| name | document-project |
| description | Generate or update project component documentation (README and API docs) by reading source code. Enforces the documentation verification workflow. |
Document Project
Usage
/document-project [<component-path>]
If no path is given, use the current directory.
Overview
Lifecycle position: Utility — use after audit-project flags documentation
gaps, or when asked to "document a component", "update the README", or "write
API docs".
Generates both user-facing component documentation (README with interfaces,
configuration, usage) and developer-facing API documentation (class/function
reference) by reading the actual source code.
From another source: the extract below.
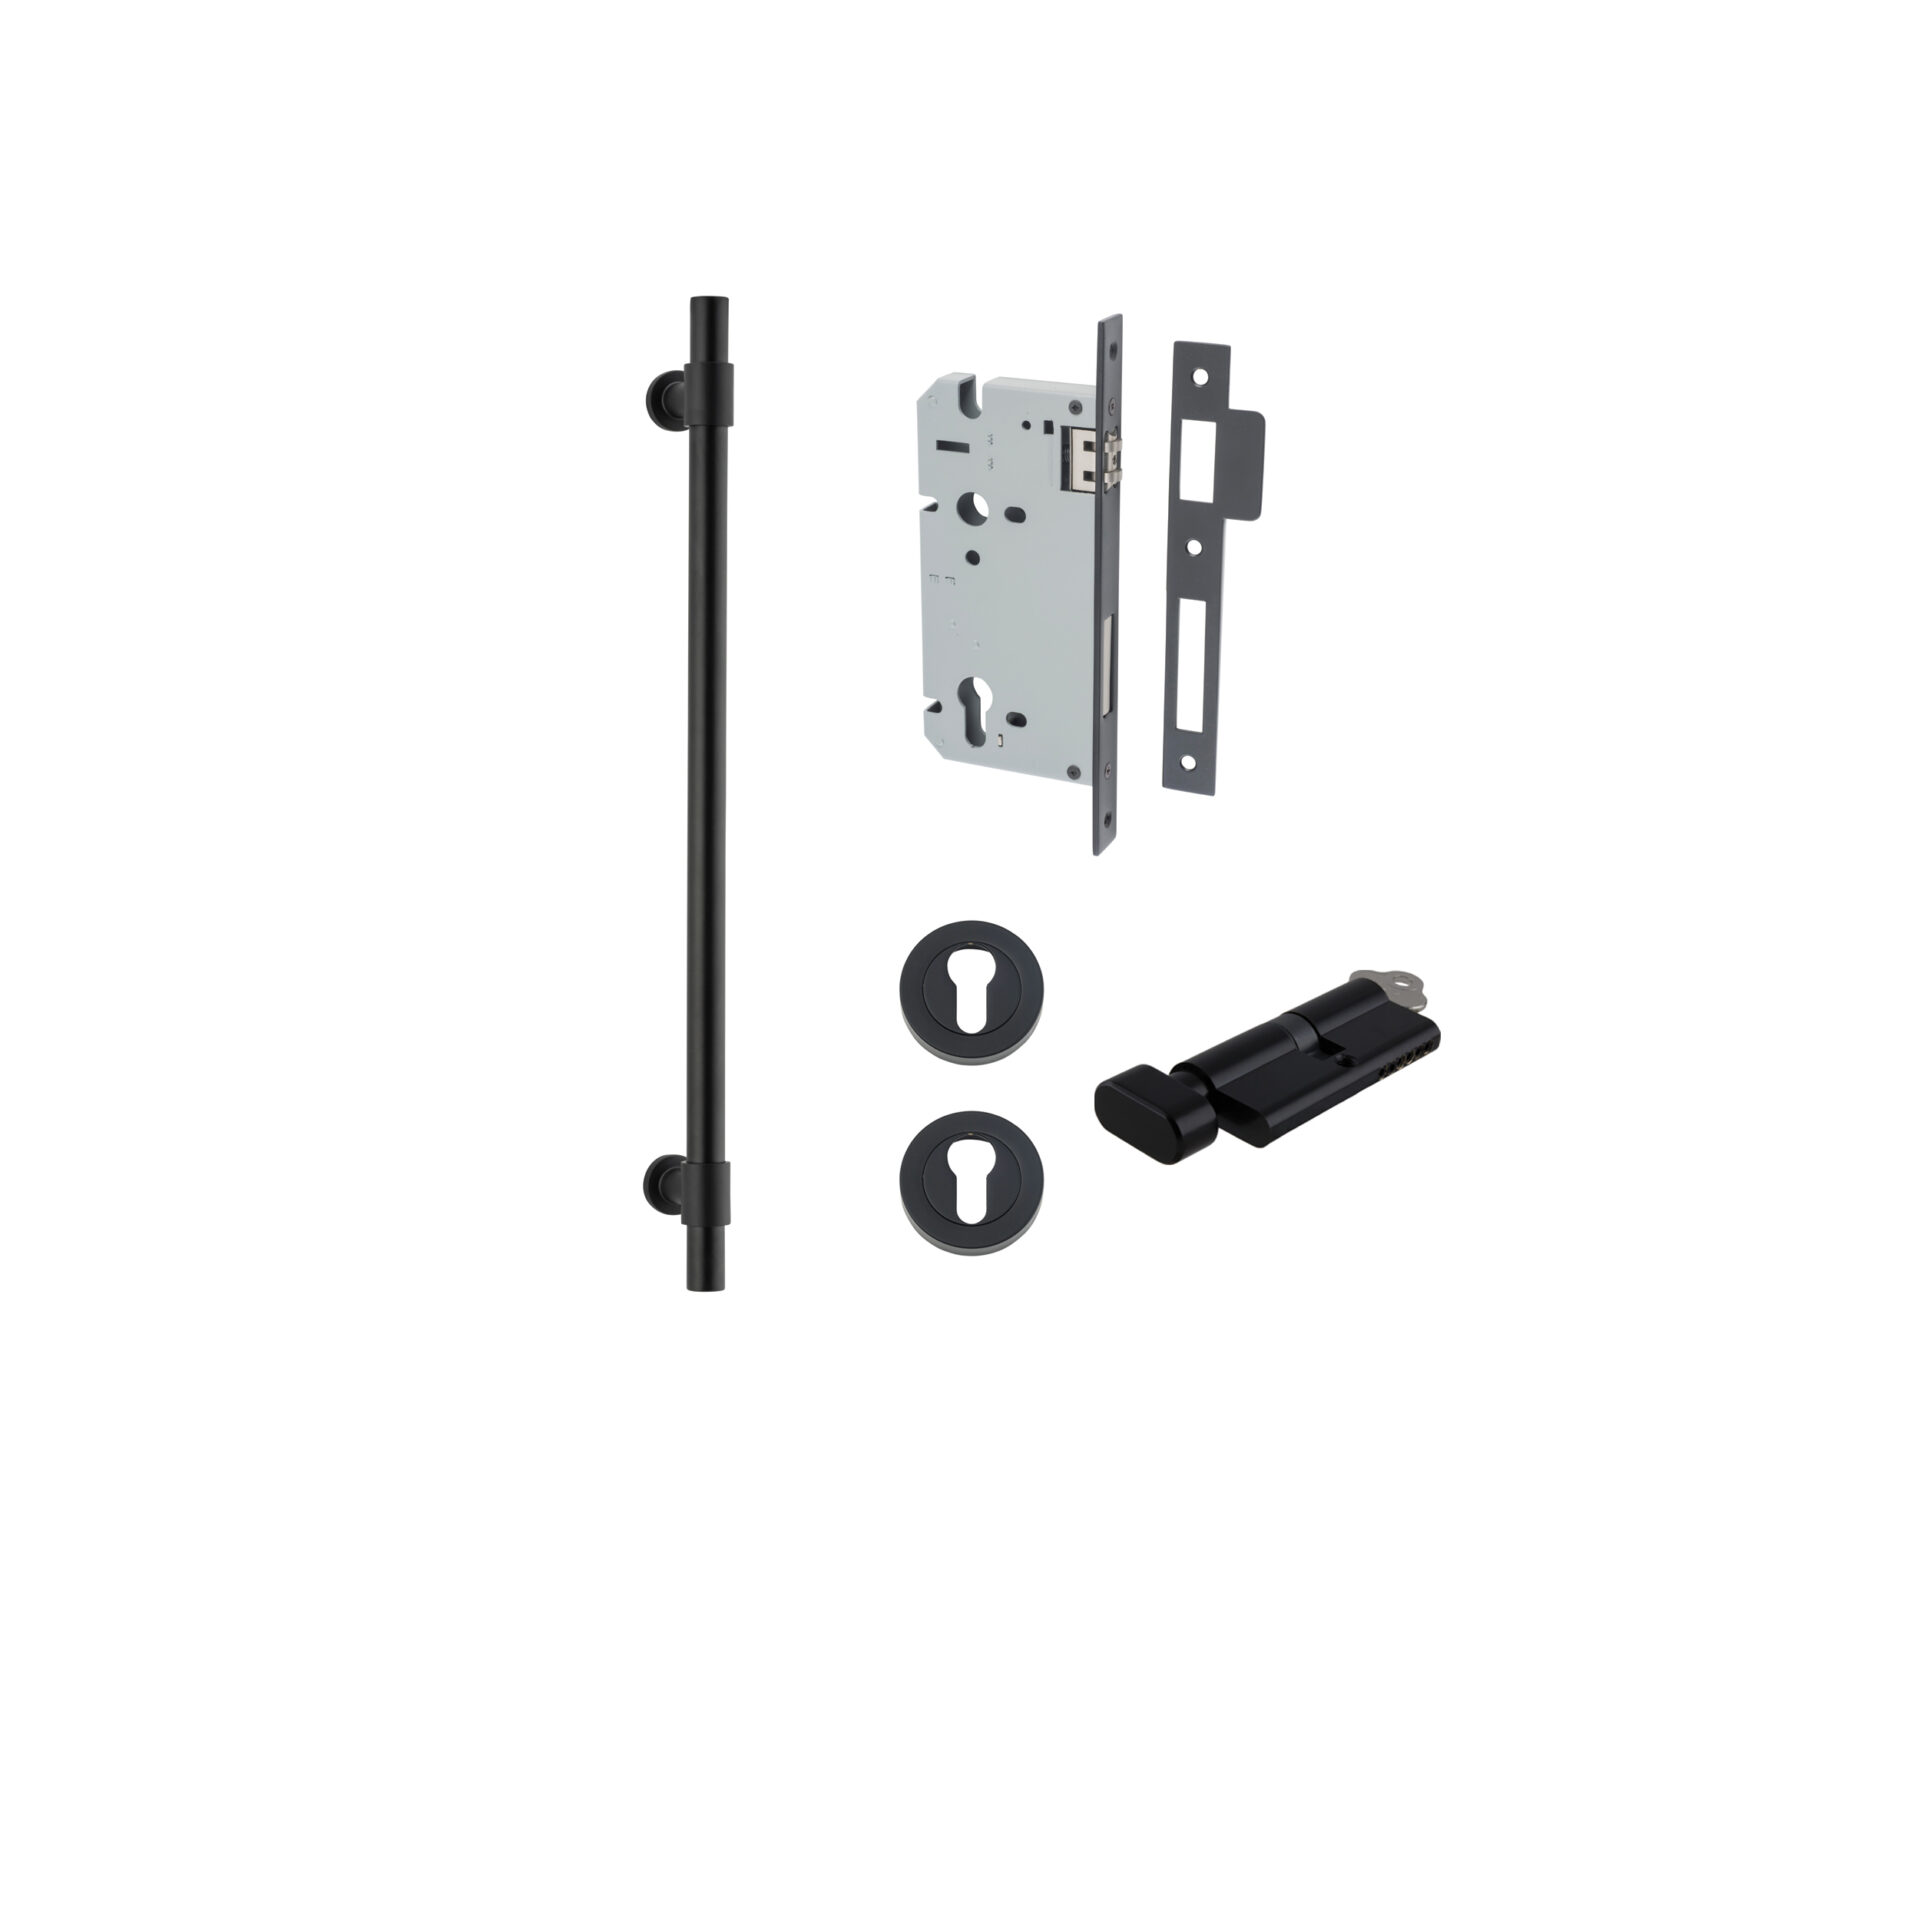 Helsinki Pull Handle - 450mm Entrance Kit with Separate High Security Lock

Cardinal rule: No fact without reading the source. Every parameter name,
interface name, type, and default value must come from the code, not
assumptions. See .agent/knowledge/documentation_verification.md.
Steps
1. Inventory the component
find <component_path> -name '*.py' -o -name '*.cpp' -o -name '*.hpp' \
-o -name '*.h' -o -name '*.ts' -o -name '*.js' -o -name '*.go' \
-o -name '*.rs' | sort
find <component_path> -name '*.proto' -o -name '*.thrift' \
-o -name '*.graphql' -o -name '*.json' -name 'schema*' | sort
find <component_path> -name '*.yaml' -o -name '*.toml' -o -name '*.json' \
-name 'config*' | sort
Record the component name, description, maintainer, license, and dependencies
from the project manifest (package.json, pyproject.toml, Cargo.toml,
go.mod, etc.).
2. Extract facts from source
Follow the command cookbook in .agent/knowledge/documentation_verification.md
to grep for every:
- Configuration parameter: environment variables, config file keys,
CLI flags
- Public API endpoint: HTTP routes, gRPC methods, exported functions
- Interface definition: exported types, classes, interfaces, structs
- Event/message schema: event names, payload types
Record each finding with its file path and line number.
3. Analyze entry points and interfaces
Read every entry point file (main file, index file, handler file). Note:
- CLI arguments and flags (with defaults and descriptions)
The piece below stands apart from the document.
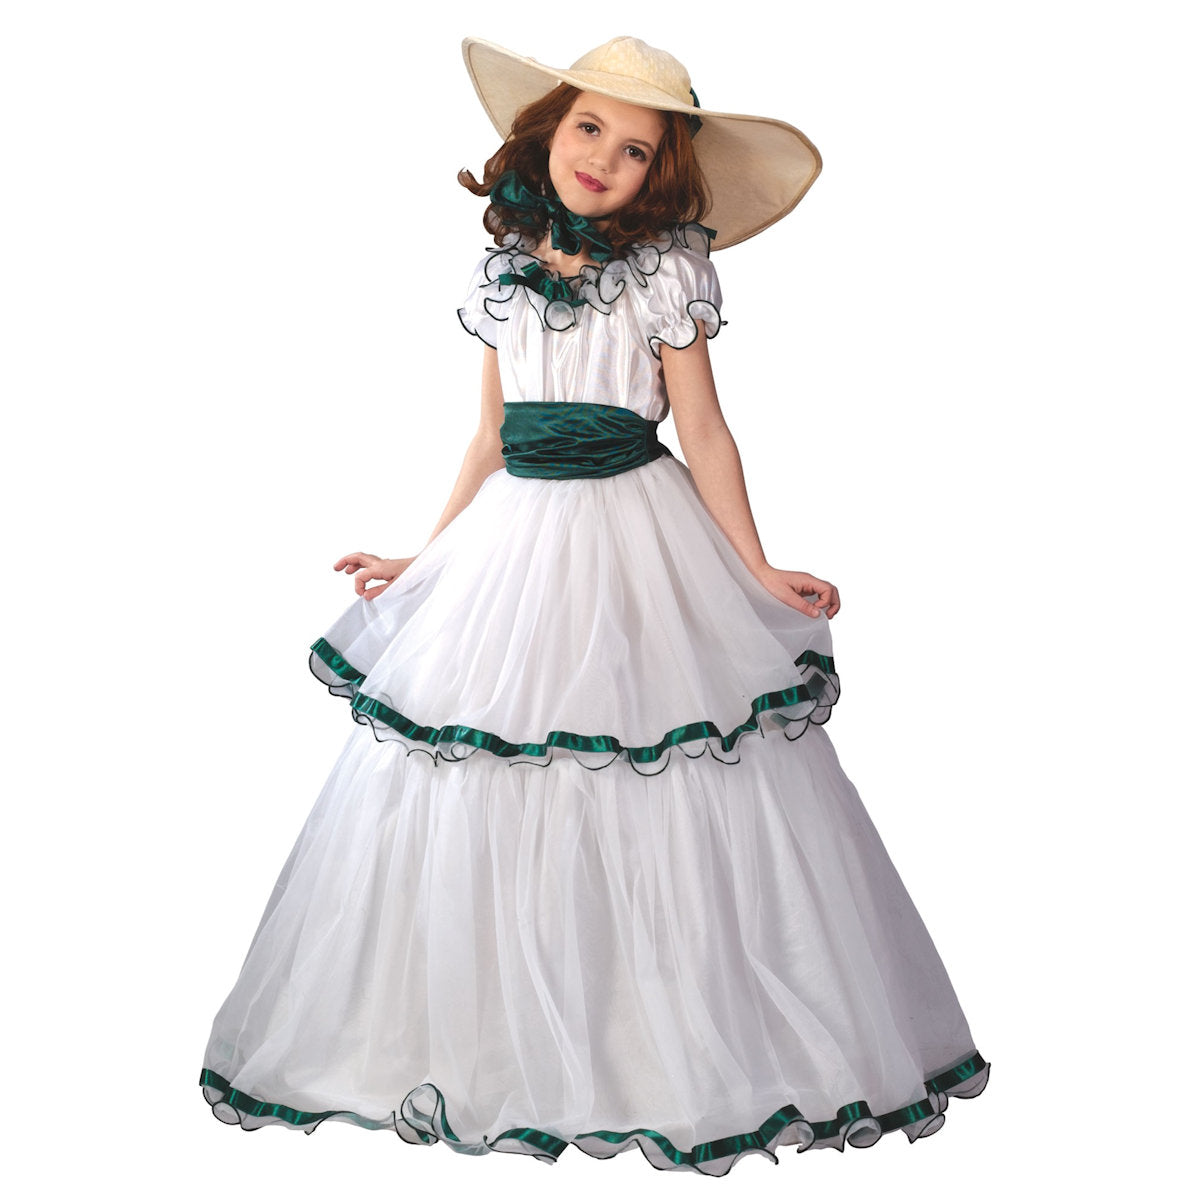 Southern Belle Scarlet O'Hara Gone with the Wind Girls Costume

- Environment variable configuration
- HTTP/gRPC/other interface definitions
- Exported public API surface
4. Analyze API (libraries and modules)
For C++ libraries (headers in include/<component_name>/):
- Public class definitions
- Public methods and their signatures
- Type definitions (
struct, enum, typedef)
For Python modules:
- Class definitions and
__init__ signatures
- Public methods
- Module-level functions
For TypeScript/JavaScript:
- Exported classes and functions
- Type/interface definitions
- Default export
For Go packages:
- Exported functions and types
- Package-level documentation
For Rust crates:
pub functions, structs, enums, and traits
5. Generate component README
Use the template at .agent/templates/component_documentation.md (or
.agent/templates/package_documentation.md if available):
- Fill in each section from the facts gathered in steps 1–3.
- Omit sections that don't apply (no empty tables).
- If a README already exists, preserve custom sections (e.g., "Theory of
Operation", "Background") while standardizing the interface/API/usage sections.
Typical README sections for a component:
- Overview / description
- Installation / setup
- Configuration (parameters, environment variables)
- Usage examples
- Public API (for library components)
- Development / contributing
6. Generate API documentation (if applicable)
If the component contains libraries or modules with public APIs (not just
a standalone executable):
- Create
docs/API.md in the component root.
- Document each public class/function with its signature, parameters, return
type, and a usage example.
- Include type definitions and enums.
Skip this step if the component only contains application executables with
no reusable library code.
7. Self-review
Run through the verification checklist:
References
.agent/knowledge/documentation_verification.md — Verification workflow
and command cookbook
.agent/templates/component_documentation.md — README template with
verification checklist
Guidelines
- Read before writing — complete steps 1–4 before generating any text.
- Omit, don't leave empty — if a component has no CLI flags, remove the
CLI flags section entirely.
- Preserve existing work — if a README exists, update rather than replace.
Keep custom sections that add value.
- One component at a time — don't batch across components. Each component
gets its own focused documentation pass.
- Cite line numbers — when documenting a parameter or interface, note the
source file and line so reviewers can verify.